The guests are as wide-ranging as the questions and the unpredictability of the format ensures that every episode is different, every episode is exciting.
“What are your memories of 9/11”?
“What’s your most treasured relationship with someone over 65”?
“Have you ever seen a ghost”?
“Do you believe in love at first sight”
Personality Bingo aims to give you a rounded, yet unexpected insight into the intricacies of its many guests. Previous episodes include Paul Howard (Ross O Carrol Kelly), Mary Byrne (X-Factor), Mark O’Halloran (Adam and Paul) Jarlath Regan (An Irishman Abroad), Marina Carr (By The Bog of Cats), Paul Ryder (Ireland’s Got Talent), Clare Monnelly (Moone Boy) and John Butler (Handsome Devil).
1. Always Meet Your Heroes
“Never meet your heroes”. A well-worn phrase that haunted me for years.
Why? Why wouldn’t I want to meet my heroes? A person I admire? Whose work I adore? Who has helped to shape me into who I am today?
The answer? Fear.
The fear you’ll discover who they really are, who you hoped they weren’t.

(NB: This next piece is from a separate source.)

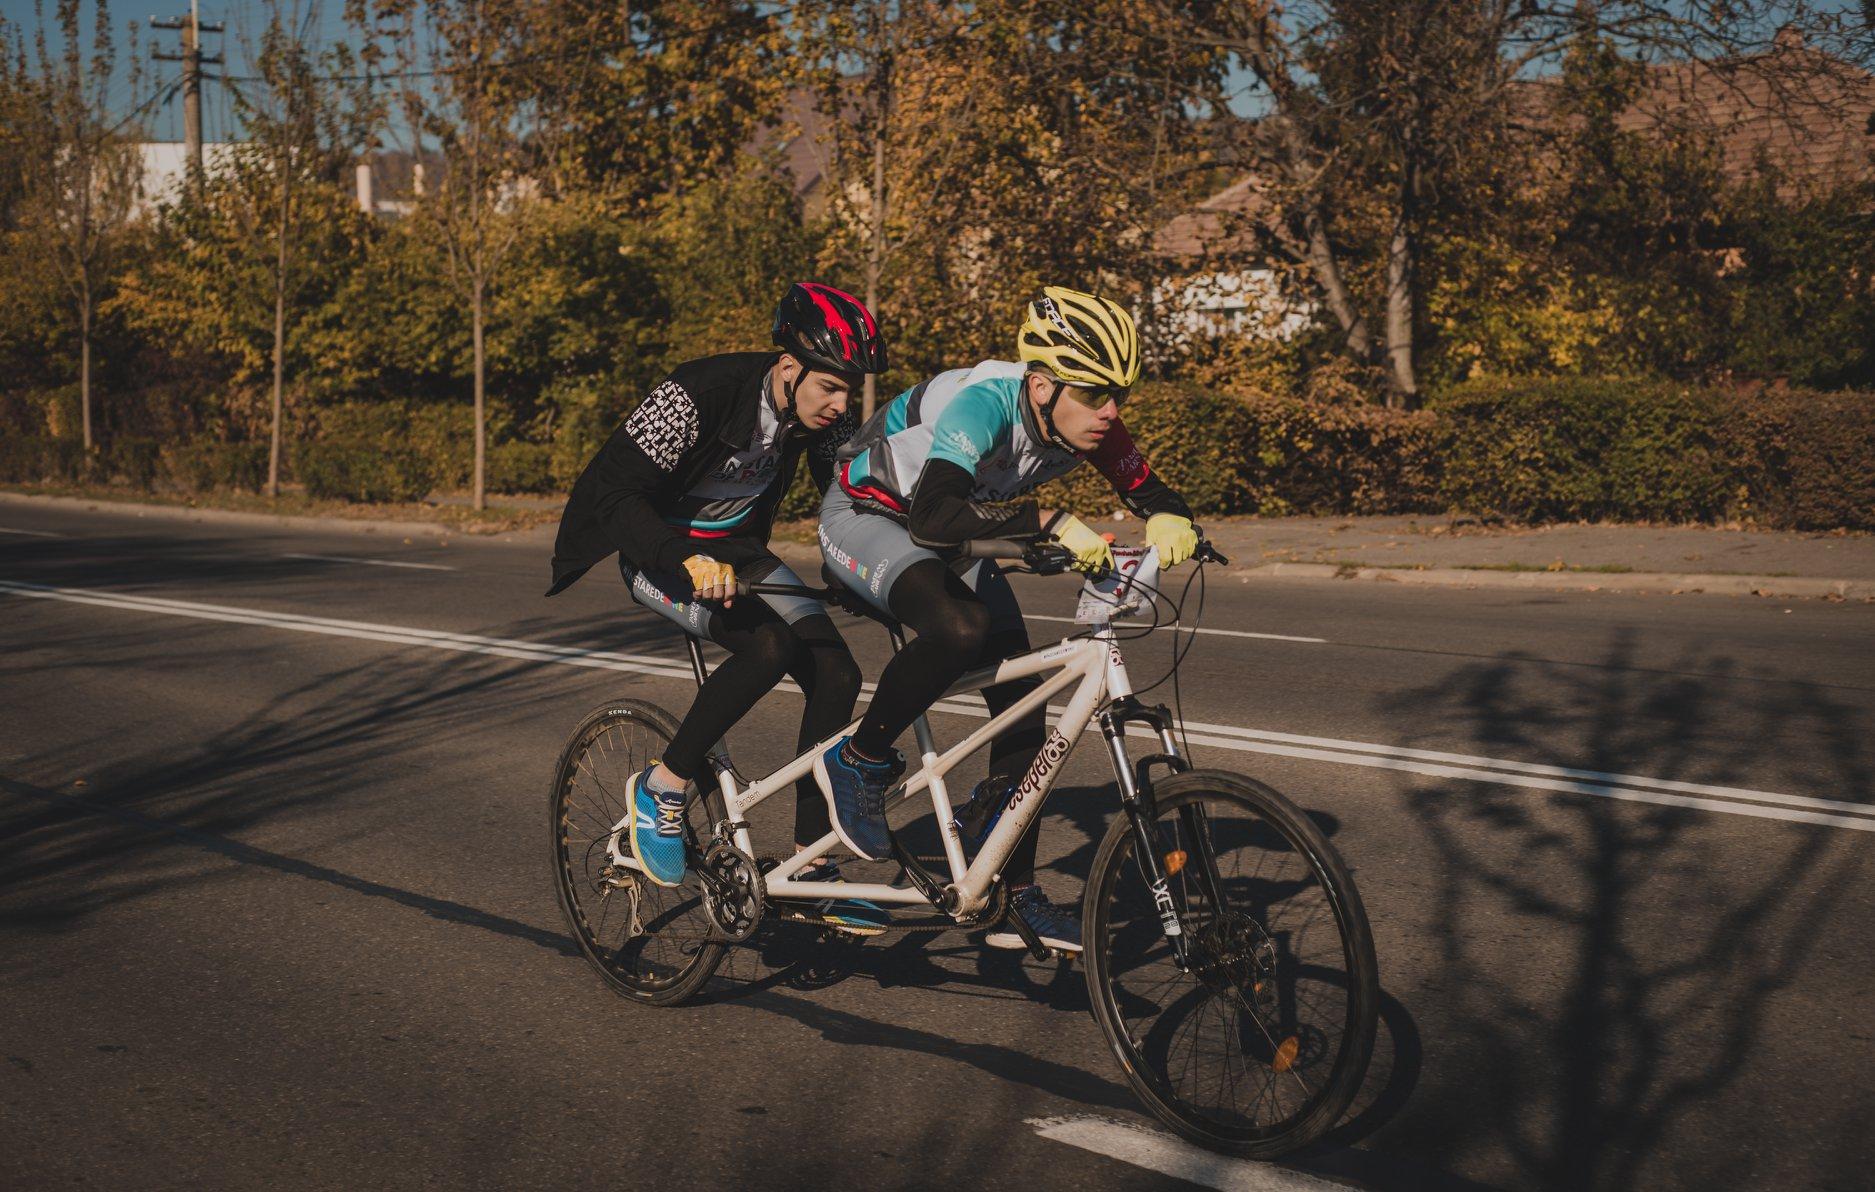 Tandem BikeFland, primul proiect de ciclism în tandem din România, a ajuns la cea de-a doua ediție

Your favourite singer lip-syncs. Your favourite footballer smokes. Your favourite comedian’s darkest jokes are actually rooted in disturbing amounts of truth.
When we put people on pedestals, it sets up a fall. And, by their very nature, heroes live on pedestals.

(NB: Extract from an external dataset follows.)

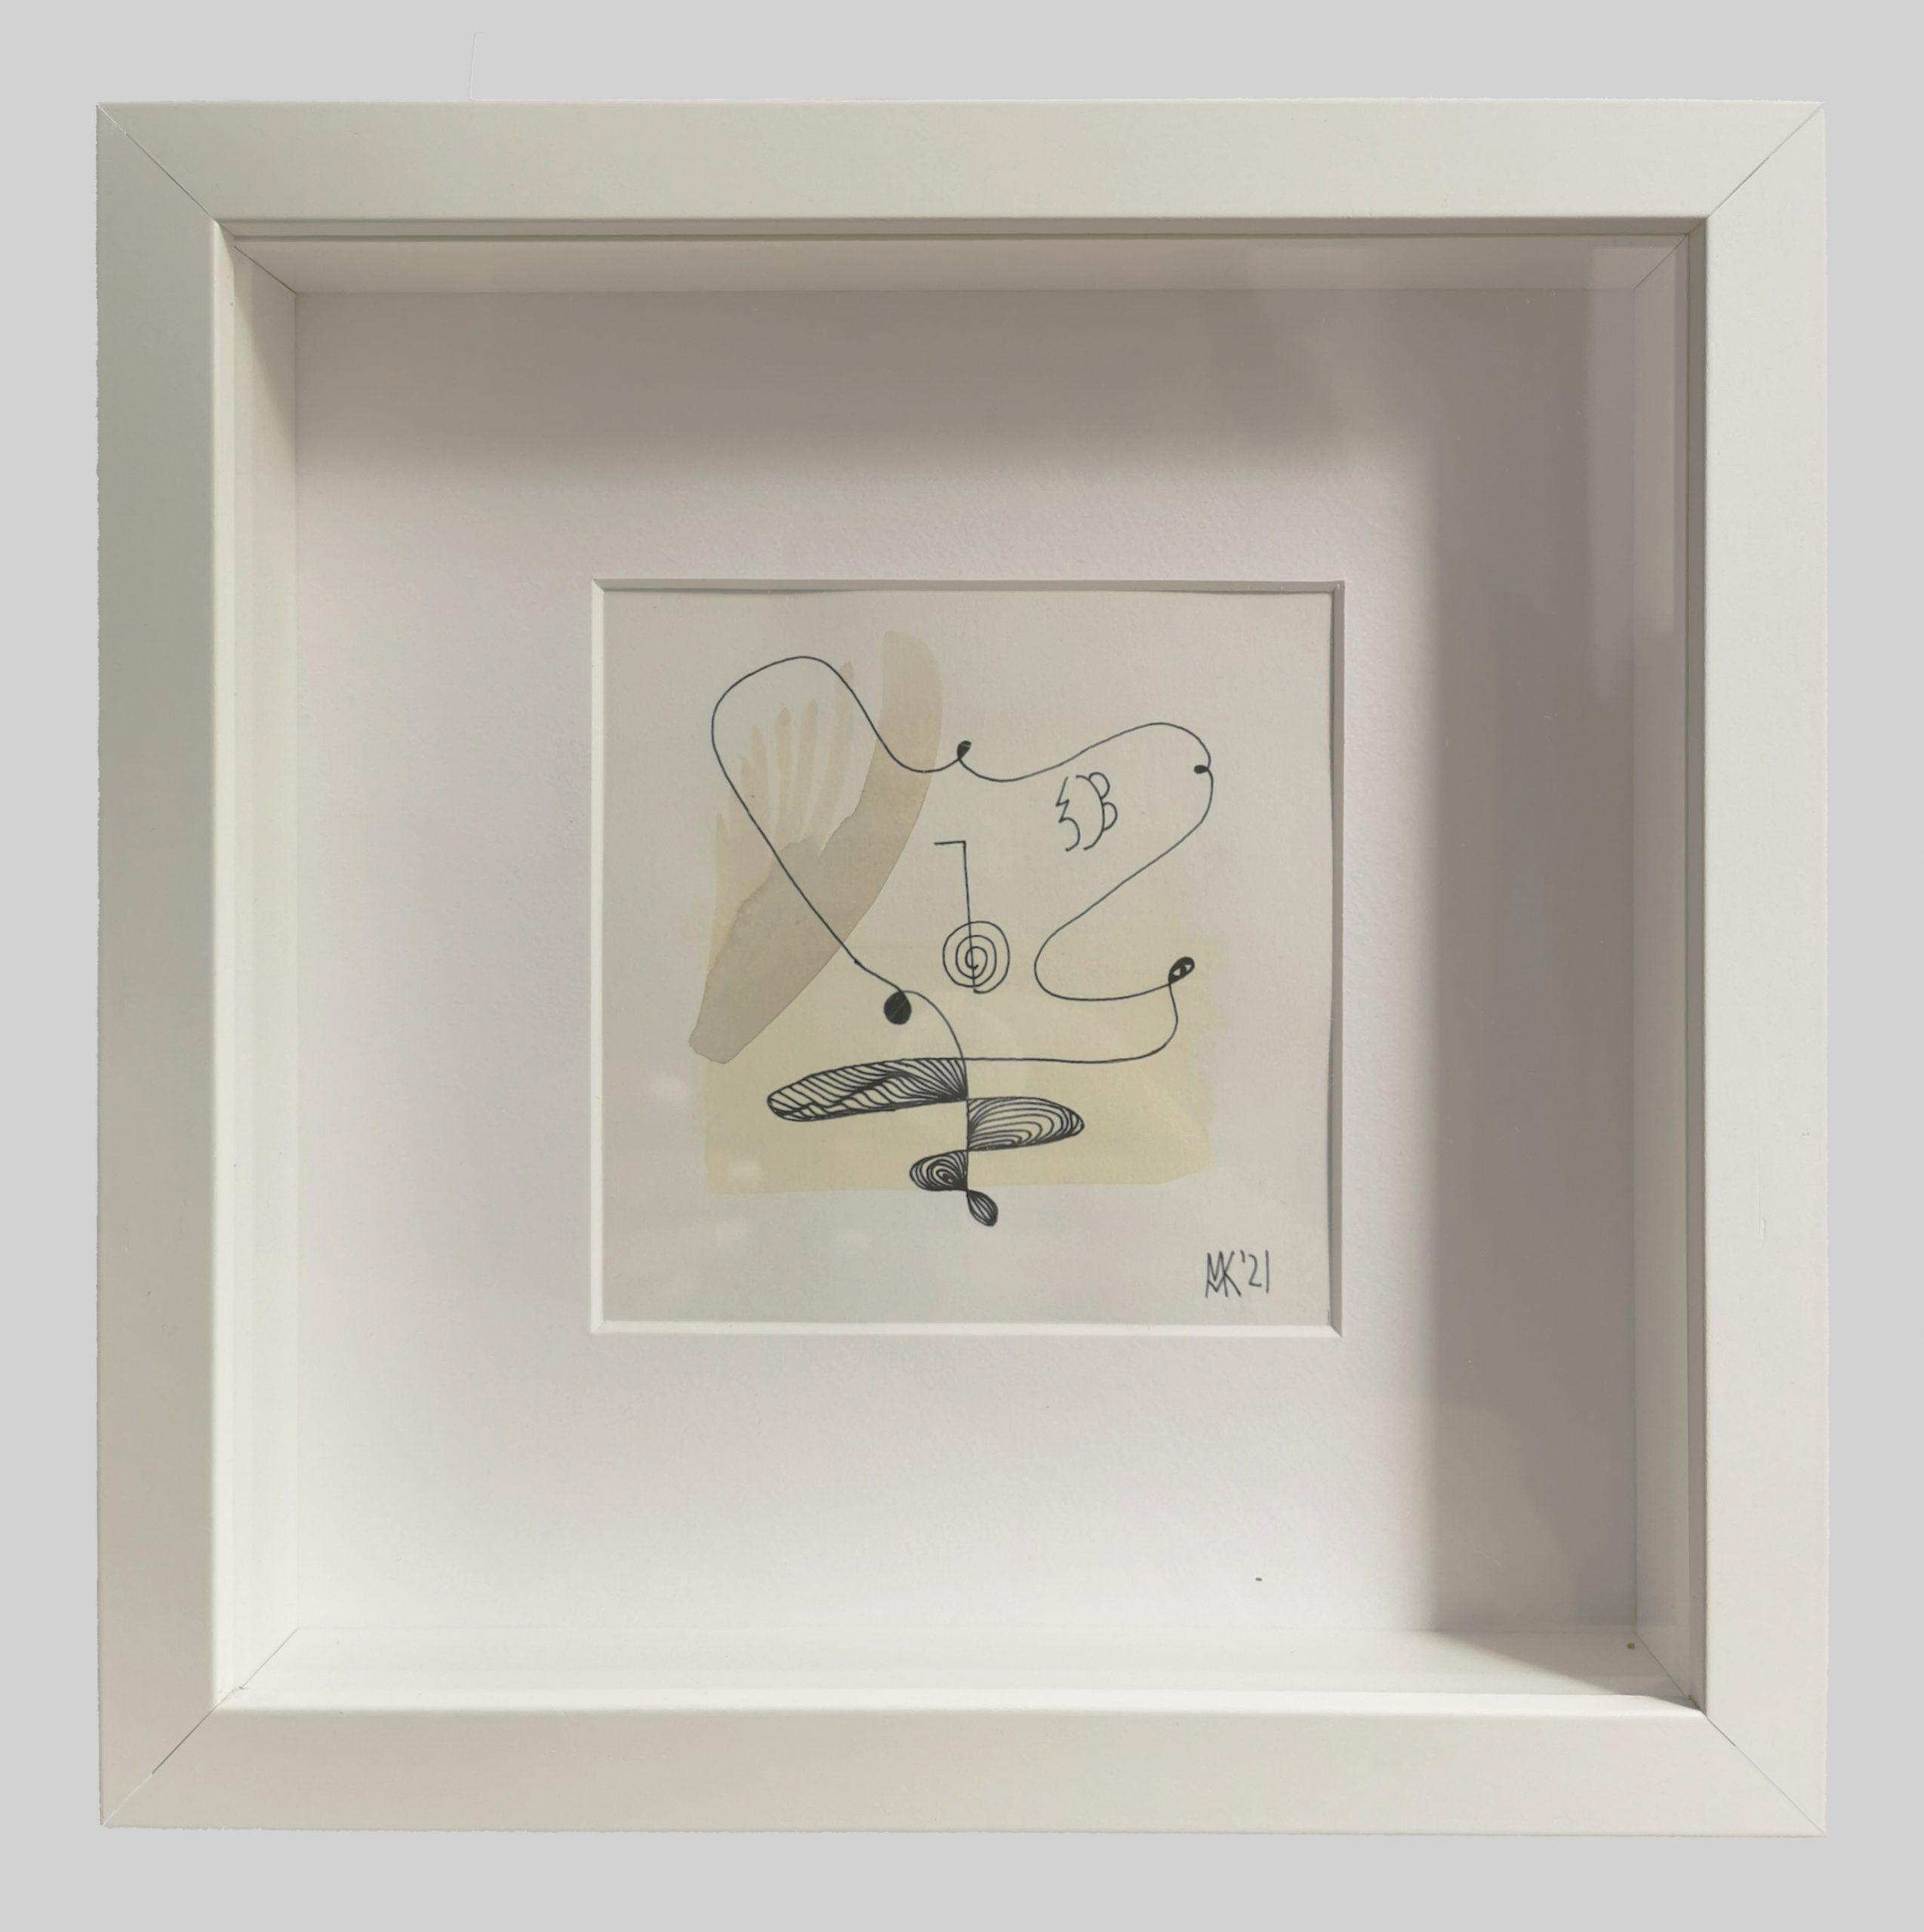 Abstrakte zeitgenössische Kust, Aquarell und Tusche auf Papier 11 x 11 cm, gerahmt 24 x 24 cm

However, this has not been my experience. My heroes have consistently turned out to be kind, smart, decent people. Now, there are a few reasons as to why this might be.
One? I have a great taste in heroes.
But, two? I think my taste in heroes mirrors my taste in podcasts. Integrity is the priority. Or at the very least, a talent for faking it.
Now, I’m under no illusions. Getting to the top of your chosen industry, whatever that may be, suggests, if not demands, a certain level of ego and ambition to get you there, never mind to keep you there. But, it’s also possible that the actual act of getting there relaxes that ambition, softens the ego.
In some cases, I think that’s possible. In others, I’m sure the opposite.
But, it’s also possible that those who are at the top, got there because…
They’re kind, smart, decent people.
It’s easy to look at those at the top of their game and presume that they simply landed there by the grace of god, but, in reality, most of them probably got there by being, at least somewhat, sound… right?
In a country the size of Ireland, if you’re a prick, we’re going to hear about it.
If you’re a prick, word will spread.
And if word spreads that you are a prick, we’re not going to want to work with you. Or podcast with you for that matter.
Trust your instincts, trust your heroes.
Don’t trust pricks.
2. “Reach For The Stars”
… The most important question in podcasting.
Asking people to do your podcast is by far the worst part of having a podcast.
It’s so vulnerable, unnerving and, generally, a pain.
The fear that you’ll annoy them. That they won’t write back. That, plain and simple, they just don’t like you.
And while this anxiety is somewhat natural, it’s largely unwarranted.
Personality Bingo is fast approaching 100 episodes and, with 94 episodes currently recorded, that means 94 people have agreed to be guests.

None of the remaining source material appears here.